DATA PROVIDED:
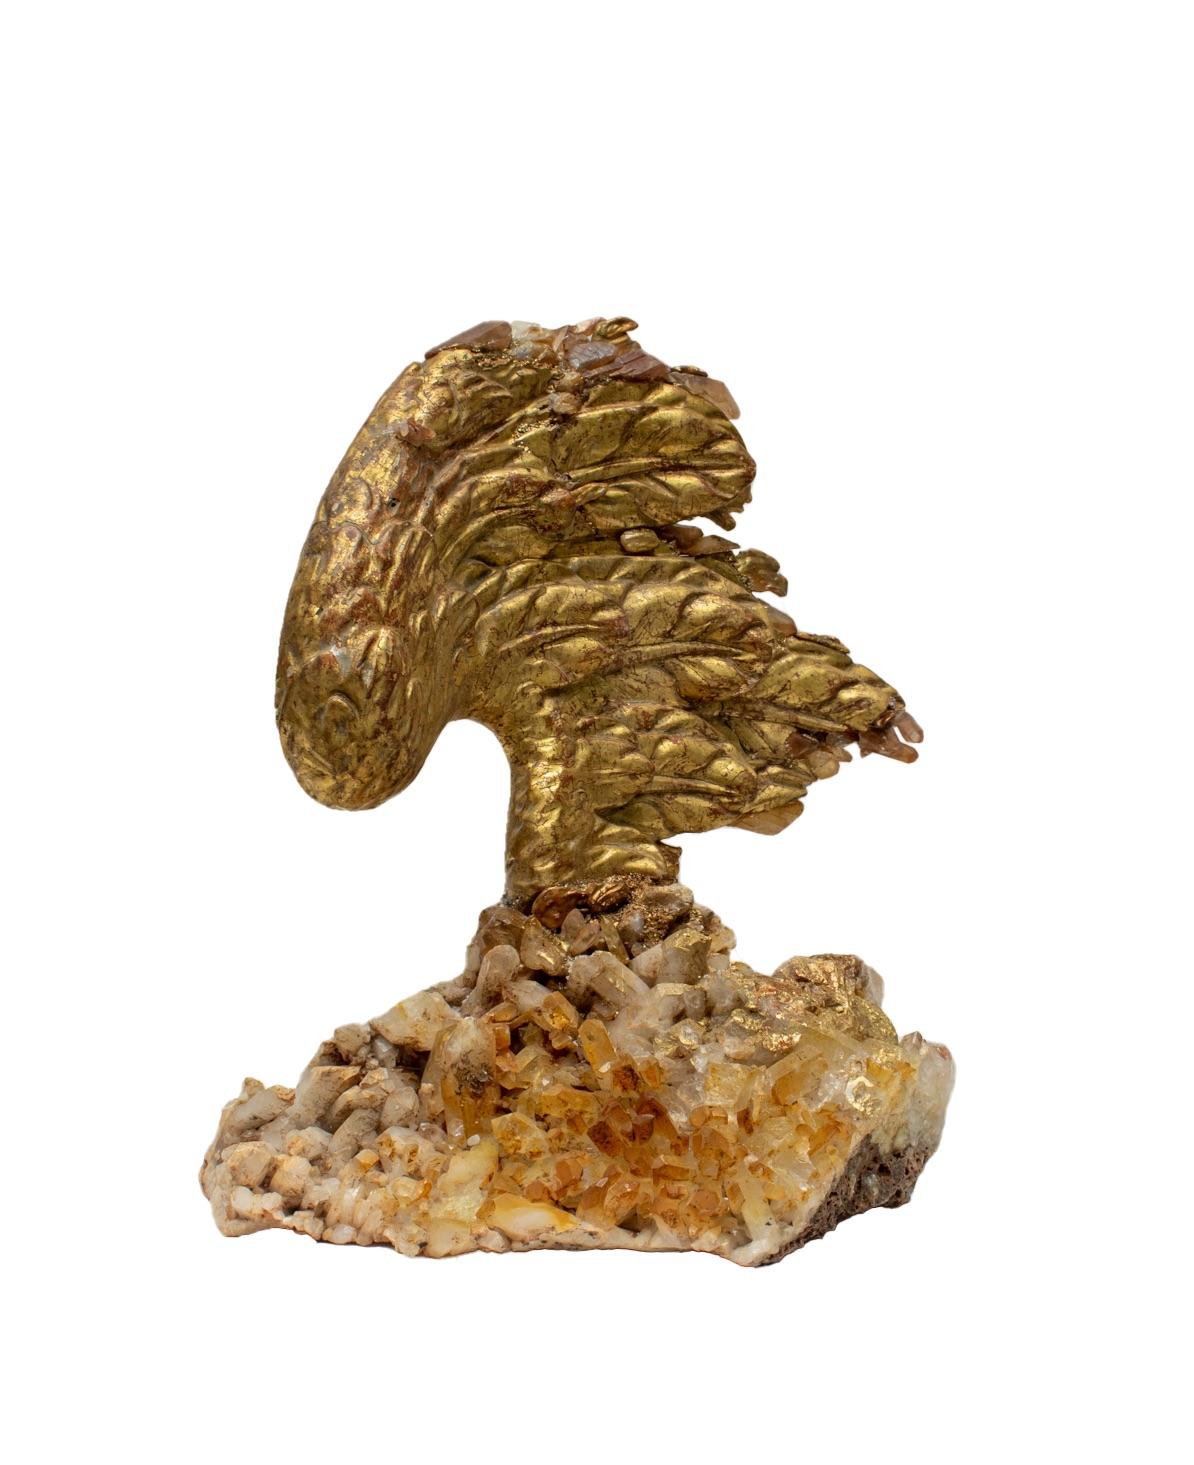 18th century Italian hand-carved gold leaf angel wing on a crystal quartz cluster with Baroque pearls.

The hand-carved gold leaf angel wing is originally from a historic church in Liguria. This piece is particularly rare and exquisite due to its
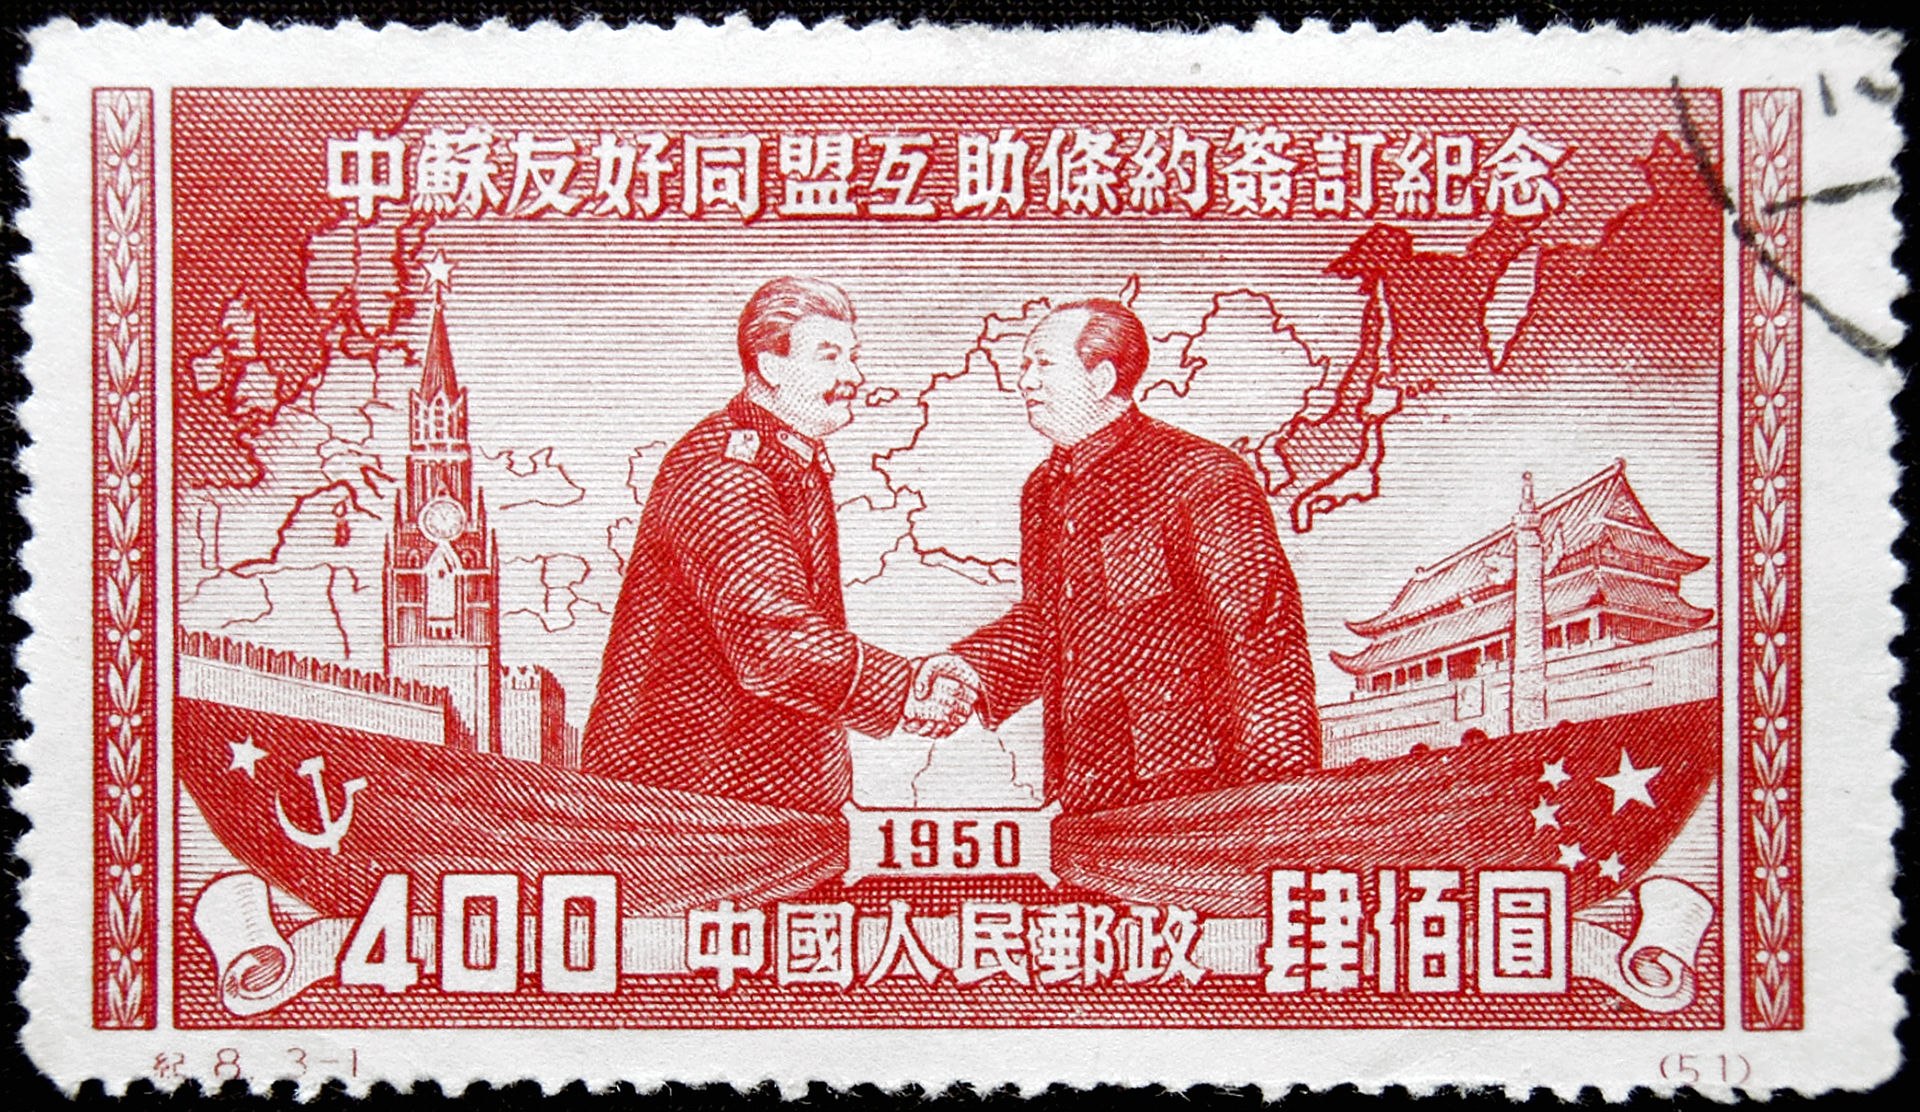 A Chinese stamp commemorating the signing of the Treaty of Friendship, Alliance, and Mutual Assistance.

WORK ORDER: The whole listing above must be returned exactly as written, with no pictures carried over.

SOLVED EXERCISE:
 18th century Italian hand-carved gold leaf angel wing on a crystal quartz cluster with Baroque pearls.

The hand-carved gold leaf angel wing is originally from a historic church in Liguria. This piece is particularly rare and exquisite due to its
 A Chinese stamp commemorating the signing of the Treaty of Friendship, Alliance, and Mutual Assistance.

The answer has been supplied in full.